I grew up in Colombia, but I went to a British private school in Bogota.

And so all of our curriculum, especially for English, was very British focused.

And so Dahl was my gateway drug to literature in general.

So I was reading George's Marvelous Medicine and James the Giant Peach, eventually something like The Witches and Matilda before I was like 12.

And I was reading in my second language.

It's one of those writers that I owe my own career as a writer and as a critic, because even then, there's no way to read Dahl without understanding how a sentence is structured, how language helps shape a character, how an adjective can suddenly turn a phrase.

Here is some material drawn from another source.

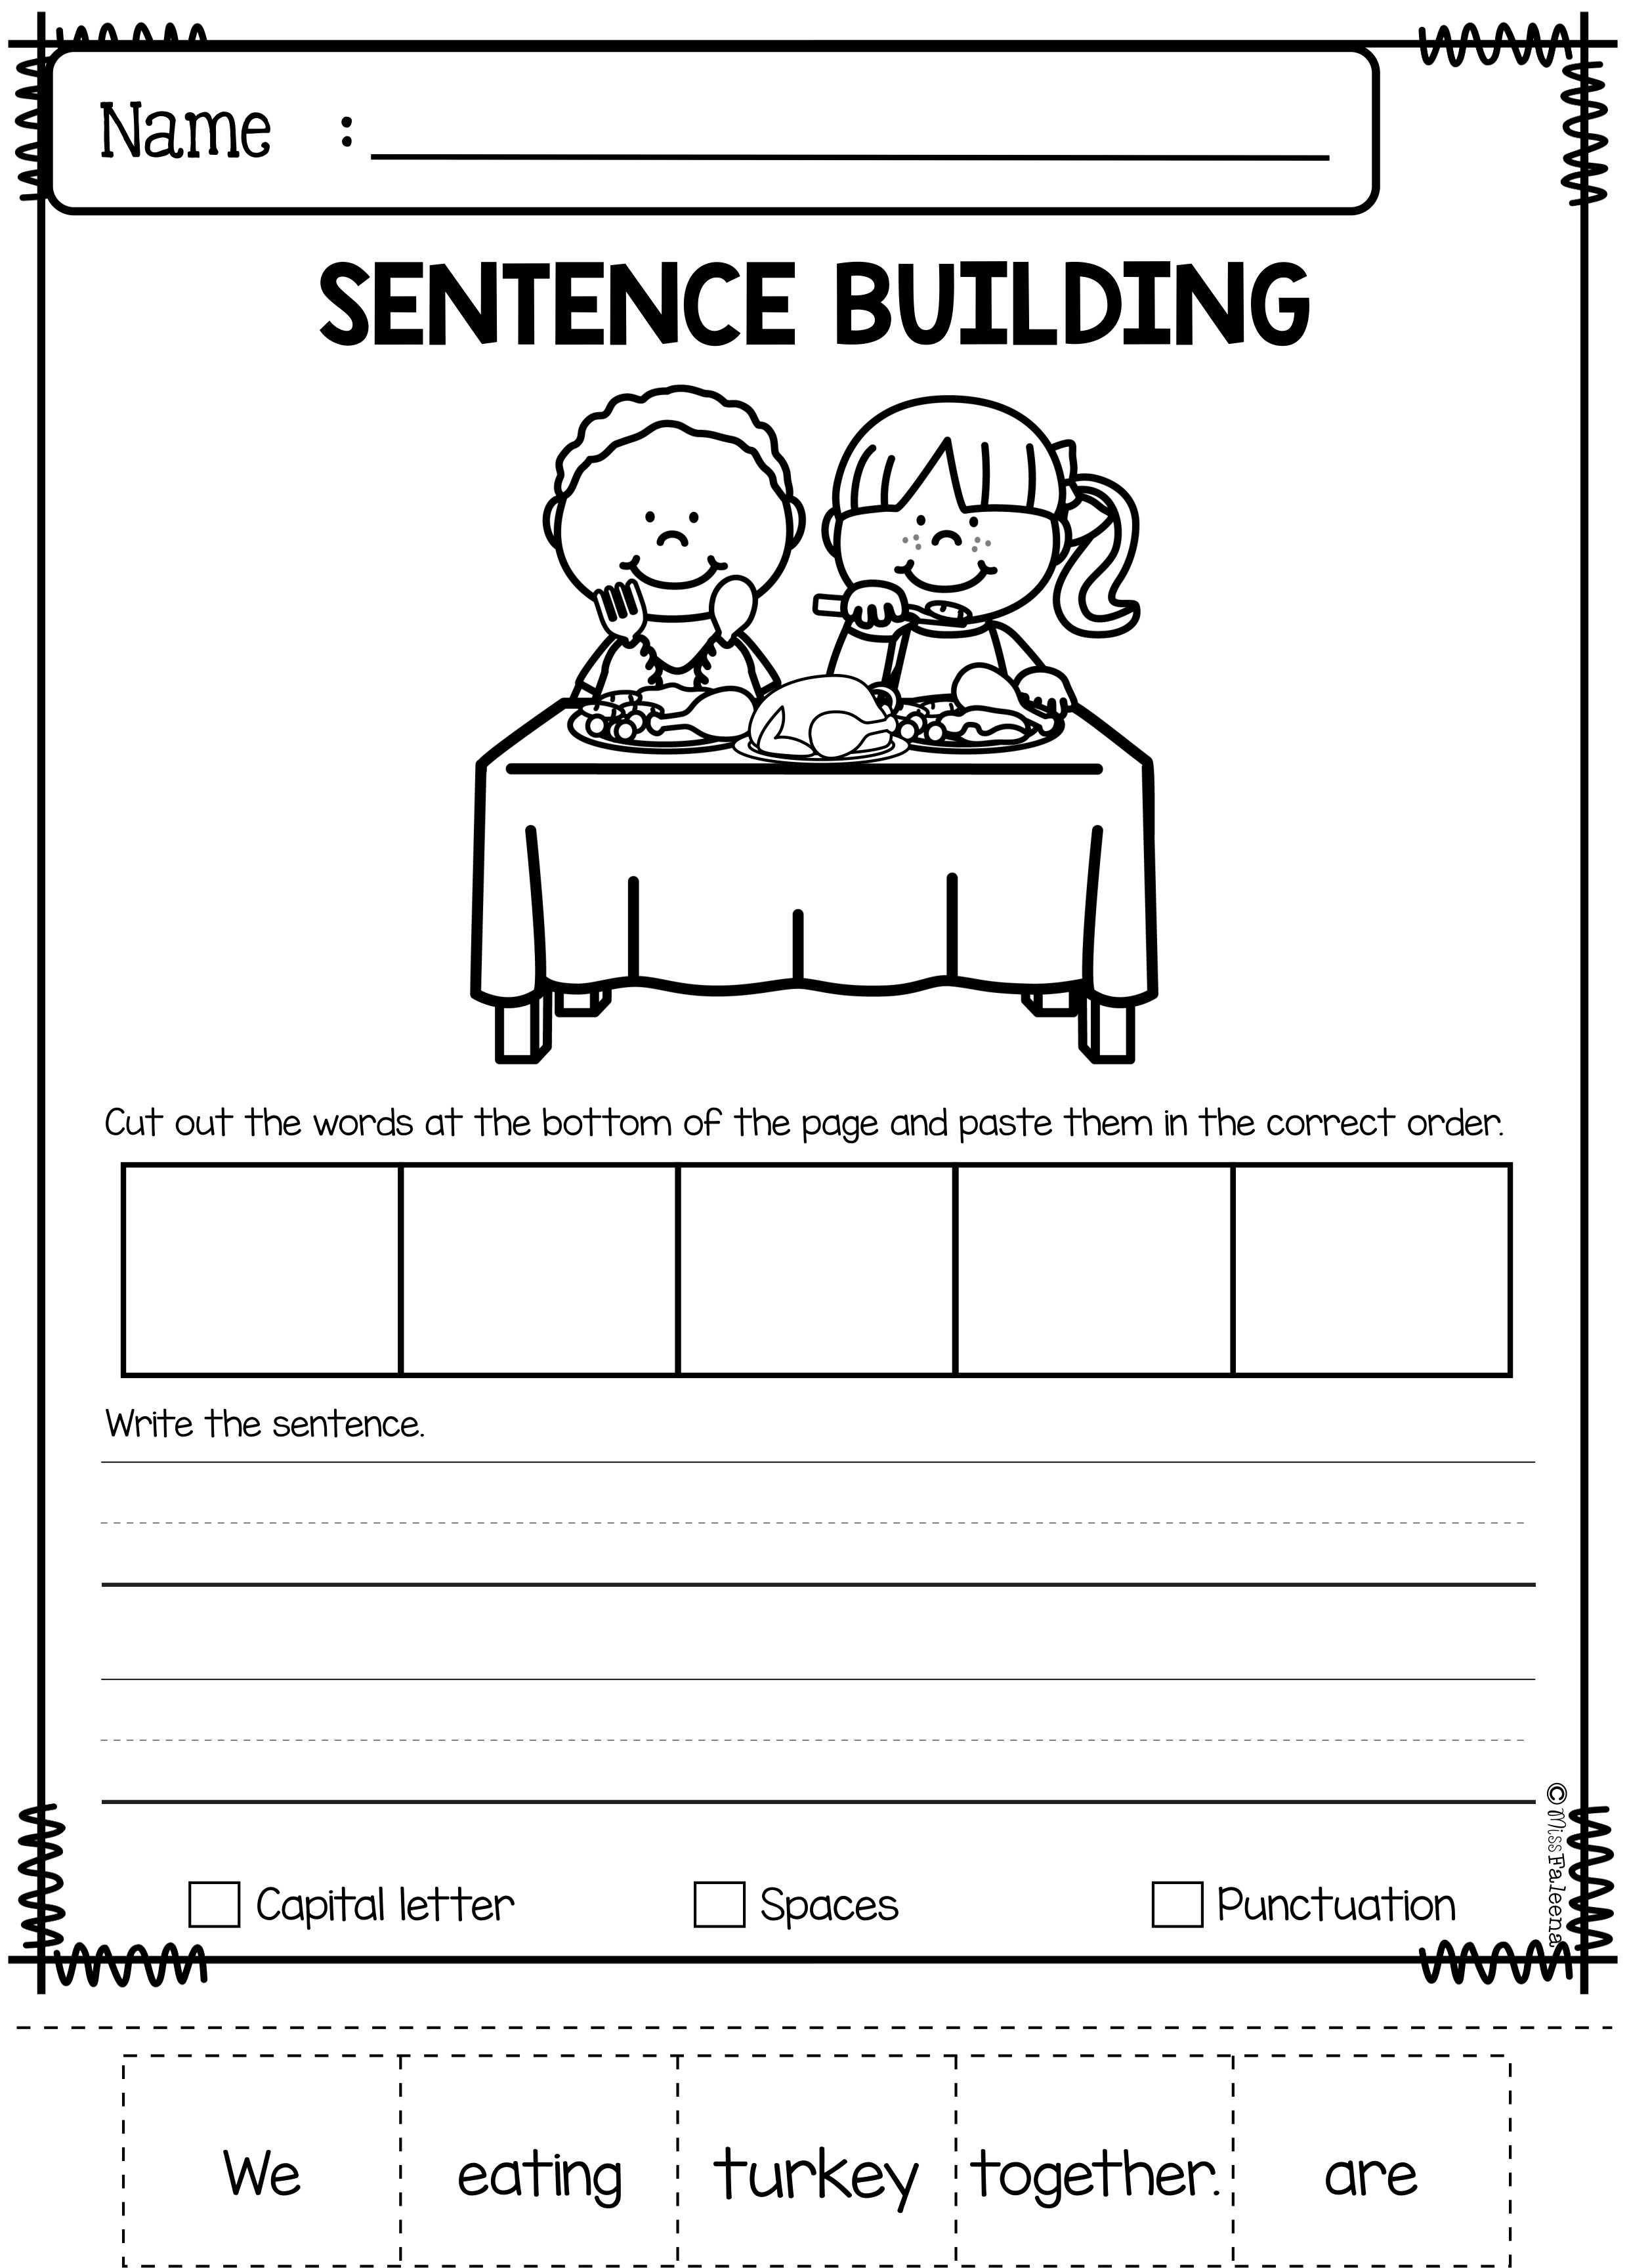 november sentence building school sentence building kindergarten lessons writing skills. Black Bedroom Furniture Sets. Home Design Ideas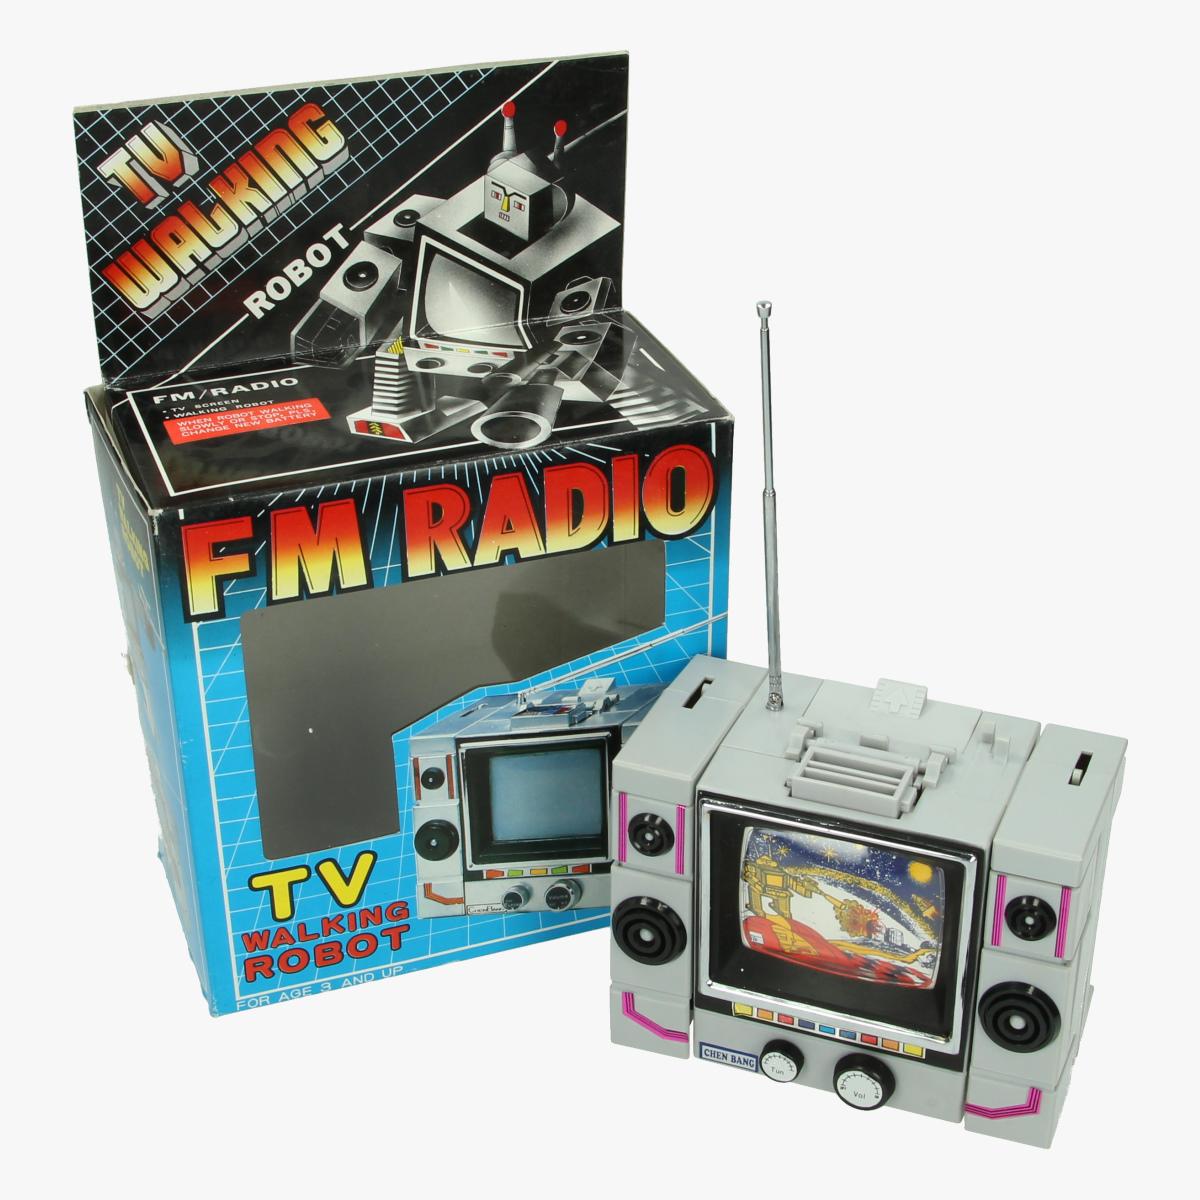 Afbeeldingen van Tv Walking Robot- FM Radio

It hadn't dawned on me until I was starting to pull everything from that piece how much of my childhood had been shaped by him in ways that I hadn't even remembered.

I asked Manuel to talk a little bit more about Roald Dahl's specific feelings about the Gene Wilder film.

I think it is the one that everyone knows the best, and it's probably the one that he disliked the most.

And so it exists at this weird intersection where if he had had his way, that is not the fellow we would have gotten.

There's a reason why there was never another Charlie and the Chocolate Factory adaptation that happened in his lifetime, because that is how much he hated the Gene Wilder

version, the way that it focused on Wonka rather than Charlie.

I think the reasons why he disliked it or he voiced his dislike is also one of the reasons that made it such a classic.